- **WHAT YOU ARE ASKED TO DO**
The full listing should be set down again without a single alteration.

- **SUPPLIED INFORMATION**
---
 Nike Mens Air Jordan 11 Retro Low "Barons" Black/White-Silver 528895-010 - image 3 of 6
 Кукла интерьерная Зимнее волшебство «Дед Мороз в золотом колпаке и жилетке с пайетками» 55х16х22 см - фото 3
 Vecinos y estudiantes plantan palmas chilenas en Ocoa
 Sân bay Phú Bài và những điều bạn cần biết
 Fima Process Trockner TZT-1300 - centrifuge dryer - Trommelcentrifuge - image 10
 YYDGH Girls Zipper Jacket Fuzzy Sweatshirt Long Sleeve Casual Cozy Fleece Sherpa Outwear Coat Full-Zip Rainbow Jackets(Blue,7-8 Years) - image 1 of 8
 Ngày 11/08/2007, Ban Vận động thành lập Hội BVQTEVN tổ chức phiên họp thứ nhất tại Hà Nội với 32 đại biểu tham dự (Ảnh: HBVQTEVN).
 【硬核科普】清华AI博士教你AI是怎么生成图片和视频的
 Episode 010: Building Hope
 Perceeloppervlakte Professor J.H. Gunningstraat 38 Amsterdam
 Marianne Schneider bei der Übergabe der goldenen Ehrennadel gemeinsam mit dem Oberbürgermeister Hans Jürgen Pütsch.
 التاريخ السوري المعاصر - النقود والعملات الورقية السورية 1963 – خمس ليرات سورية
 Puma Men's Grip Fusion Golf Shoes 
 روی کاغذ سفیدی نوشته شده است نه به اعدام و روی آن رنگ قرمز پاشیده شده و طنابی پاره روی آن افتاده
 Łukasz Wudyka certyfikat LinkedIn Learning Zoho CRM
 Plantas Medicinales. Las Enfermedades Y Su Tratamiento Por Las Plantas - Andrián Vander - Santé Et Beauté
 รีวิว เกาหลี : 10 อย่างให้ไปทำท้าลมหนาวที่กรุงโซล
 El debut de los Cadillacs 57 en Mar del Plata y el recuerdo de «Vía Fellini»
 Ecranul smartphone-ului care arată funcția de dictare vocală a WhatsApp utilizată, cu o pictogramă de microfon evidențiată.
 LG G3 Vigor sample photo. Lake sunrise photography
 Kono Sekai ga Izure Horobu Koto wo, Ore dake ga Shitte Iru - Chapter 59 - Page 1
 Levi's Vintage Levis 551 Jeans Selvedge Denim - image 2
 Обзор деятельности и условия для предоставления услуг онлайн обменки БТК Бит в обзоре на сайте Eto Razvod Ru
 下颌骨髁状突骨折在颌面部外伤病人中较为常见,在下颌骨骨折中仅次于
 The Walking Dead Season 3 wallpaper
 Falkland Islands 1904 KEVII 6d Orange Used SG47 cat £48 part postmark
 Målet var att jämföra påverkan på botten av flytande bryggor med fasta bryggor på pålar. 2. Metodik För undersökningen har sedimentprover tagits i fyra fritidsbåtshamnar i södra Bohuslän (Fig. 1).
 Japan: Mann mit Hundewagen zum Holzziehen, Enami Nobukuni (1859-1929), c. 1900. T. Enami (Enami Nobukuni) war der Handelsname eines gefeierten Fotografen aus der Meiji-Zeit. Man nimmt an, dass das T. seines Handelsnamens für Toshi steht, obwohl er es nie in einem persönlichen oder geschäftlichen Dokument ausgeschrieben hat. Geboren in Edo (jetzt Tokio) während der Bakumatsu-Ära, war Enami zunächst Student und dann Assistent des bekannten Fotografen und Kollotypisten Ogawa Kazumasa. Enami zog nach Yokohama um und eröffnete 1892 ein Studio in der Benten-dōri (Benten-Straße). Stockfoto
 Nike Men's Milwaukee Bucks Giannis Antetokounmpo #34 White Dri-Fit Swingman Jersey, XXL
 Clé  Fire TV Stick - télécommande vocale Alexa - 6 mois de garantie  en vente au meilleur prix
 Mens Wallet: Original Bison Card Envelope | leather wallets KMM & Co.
---
- **RESPONSE AREA**
 Nike Mens Air Jordan 11 Retro Low "Barons" Black/White-Silver 528895-010 - image 3 of 6
 Кукла интерьерная Зимнее волшебство «Дед Мороз в золотом колпаке и жилетке с пайетками» 55х16х22 см - фото 3
 Vecinos y estudiantes plantan palmas chilenas en Ocoa
 Sân bay Phú Bài và những điều bạn cần biết
 Fima Process Trockner TZT-1300 - centrifuge dryer - Trommelcentrifuge - image 10
 YYDGH Girls Zipper Jacket Fuzzy Sweatshirt Long Sleeve Casual Cozy Fleece Sherpa Outwear Coat Full-Zip Rainbow Jackets(Blue,7-8 Years) - image 1 of 8
 Ngày 11/08/2007, Ban Vận động thành lập Hội BVQTEVN tổ chức phiên họp thứ nhất tại Hà Nội với 32 đại biểu tham dự (Ảnh: HBVQTEVN).
 【硬核科普】清华AI博士教你AI是怎么生成图片和视频的
 Episode 010: Building Hope
 Perceeloppervlakte Professor J.H. Gunningstraat 38 Amsterdam
 Marianne Schneider bei der Übergabe der goldenen Ehrennadel gemeinsam mit dem Oberbürgermeister Hans Jürgen Pütsch.
 التاريخ السوري المعاصر - النقود والعملات الورقية السورية 1963 – خمس ليرات سورية
 Puma Men's Grip Fusion Golf Shoes 
 روی کاغذ سفیدی نوشته شده است نه به اعدام و روی آن رنگ قرمز پاشیده شده و طنابی پاره روی آن افتاده
 Łukasz Wudyka certyfikat LinkedIn Learning Zoho CRM
 Plantas Medicinales. Las Enfermedades Y Su Tratamiento Por Las Plantas - Andrián Vander - Santé Et Beauté
 รีวิว เกาหลี : 10 อย่างให้ไปทำท้าลมหนาวที่กรุงโซล
 El debut de los Cadillacs 57 en Mar del Plata y el recuerdo de «Vía Fellini»
 Ecranul smartphone-ului care arată funcția de dictare vocală a WhatsApp utilizată, cu o pictogramă de microfon evidențiată.
 LG G3 Vigor sample photo. Lake sunrise photography
 Kono Sekai ga Izure Horobu Koto wo, Ore dake ga Shitte Iru - Chapter 59 - Page 1
 Levi's Vintage Levis 551 Jeans Selvedge Denim - image 2
 Обзор деятельности и условия для предоставления услуг онлайн обменки БТК Бит в обзоре на сайте Eto Razvod Ru
 下颌骨髁状突骨折在颌面部外伤病人中较为常见,在下颌骨骨折中仅次于
 The Walking Dead Season 3 wallpaper
 Falkland Islands 1904 KEVII 6d Orange Used SG47 cat £48 part postmark
 Målet var att jämföra påverkan på botten av flytande bryggor med fasta bryggor på pålar. 2. Metodik För undersökningen har sedimentprover tagits i fyra fritidsbåtshamnar i södra Bohuslän (Fig. 1).
 Japan: Mann mit Hundewagen zum Holzziehen, Enami Nobukuni (1859-1929), c. 1900. T. Enami (Enami Nobukuni) war der Handelsname eines gefeierten Fotografen aus der Meiji-Zeit. Man nimmt an, dass das T. seines Handelsnamens für Toshi steht, obwohl er es nie in einem persönlichen oder geschäftlichen Dokument ausgeschrieben hat. Geboren in Edo (jetzt Tokio) während der Bakumatsu-Ära, war Enami zunächst Student und dann Assistent des bekannten Fotografen und Kollotypisten Ogawa Kazumasa. Enami zog nach Yokohama um und eröffnete 1892 ein Studio in der Benten-dōri (Benten-Straße). Stockfoto
 Nike Men's Milwaukee Bucks Giannis Antetokounmpo #34 White Dri-Fit Swingman Jersey, XXL
 Clé  Fire TV Stick - télécommande vocale Alexa - 6 mois de garantie  en vente au meilleur prix
 Mens Wallet: Original Bison Card Envelope | leather wallets KMM & Co.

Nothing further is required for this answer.